Here’s What Eleanor Creagh Said
Before the official statement, forecasters and economists across the nation expected the decision of maintaining the cash rate of the last 12 months. As per the REA Group senior Economist, Eleanor Creagh, the consumer price index for the September 2024 indicated towards inflation that was easing.
In addition to this, it was noted that the movement was “not enough to shift the RBA’s policy stance”. Even with the heading inflation settling into 2-3 per cent target, the price pressure and a resilient labour market will unlikely make an interest rate cut.Household is under pressure with the sentiments of customers subdued. Interestingly, the employment growth is strong and the unemployment rate is steady at 4.1 percent in September. But the labour market has turned out to be soft over the last year.

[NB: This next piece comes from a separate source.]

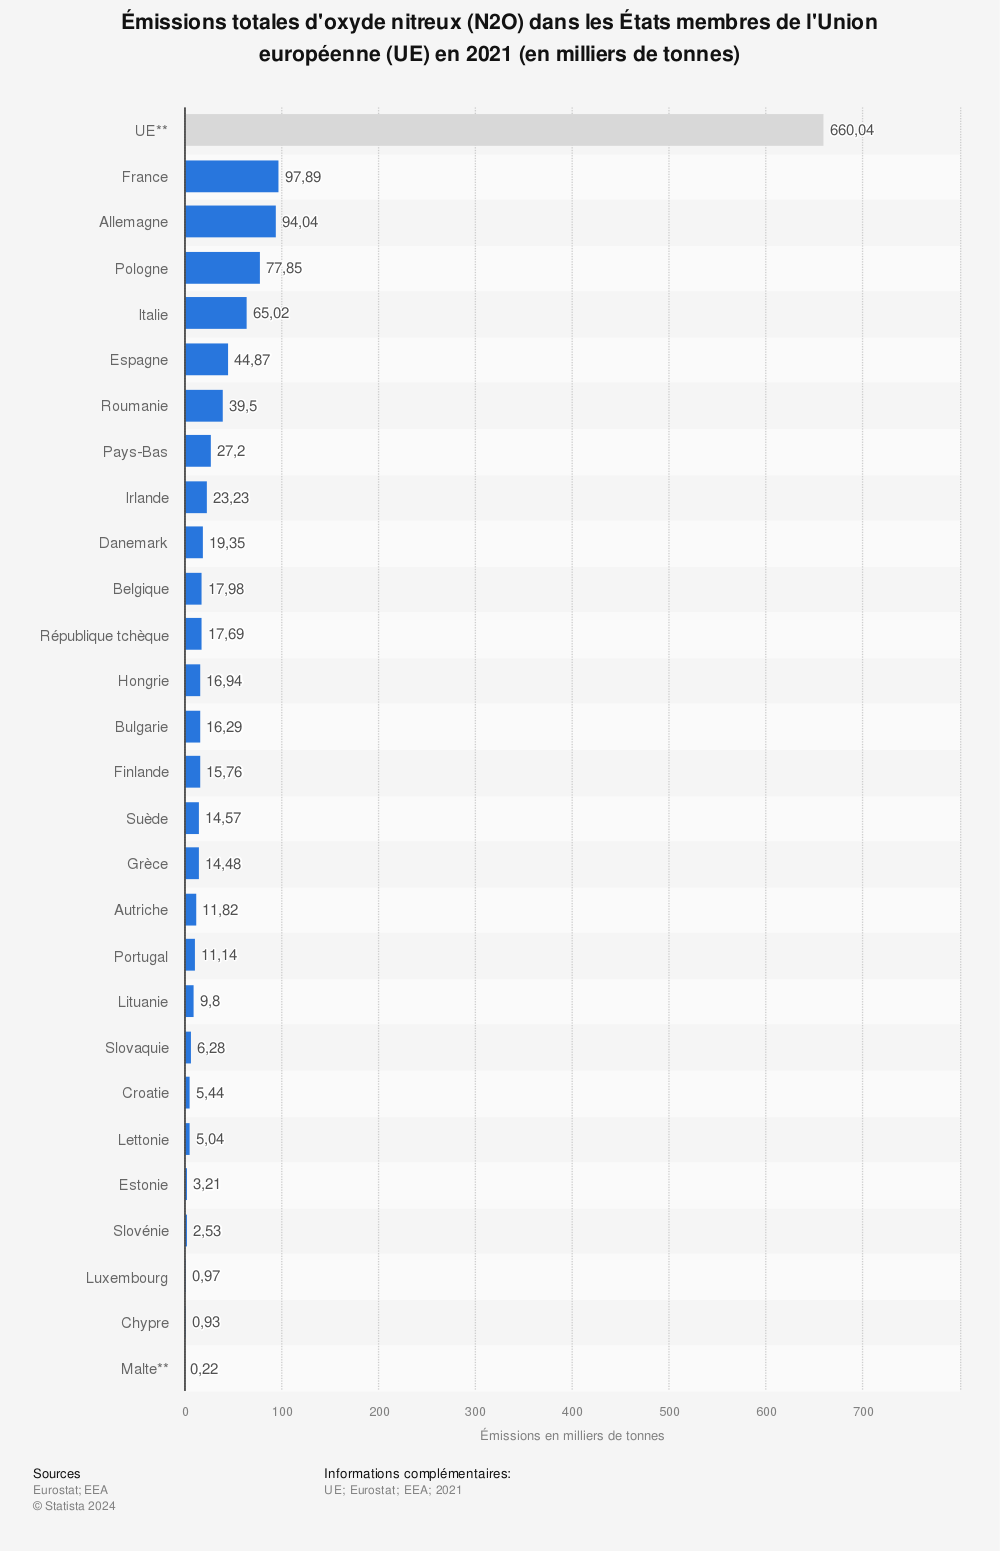 Statistique: Émissions totales d'oxyde nitreux (N2O) dans les États membres de l'Union européenne (UE) en 2014 (en millions de tonnes d'équivalent CO2) | Statista

More About Economic Growth
Despite the weak economic growth of the nation, the economist focussed that the RBA will remain on hold unless an external shock, high unemployment, or low inflation occurs. In addition to this, the condition aims to sustainably return inflation to target. It has been also noted that slow employment and inflation “may prompt rate cuts from February 2025. It has been emphasized that the “resilient labour market and stickier components of inflation can delay this timeline”. Creagh has noticed that the higher number of properties listed for sale followed by uncertainty of the rate cuts might slow down price growth. In continuation to this, it has been said that the prices are expected to keep rising as the selling season closes out.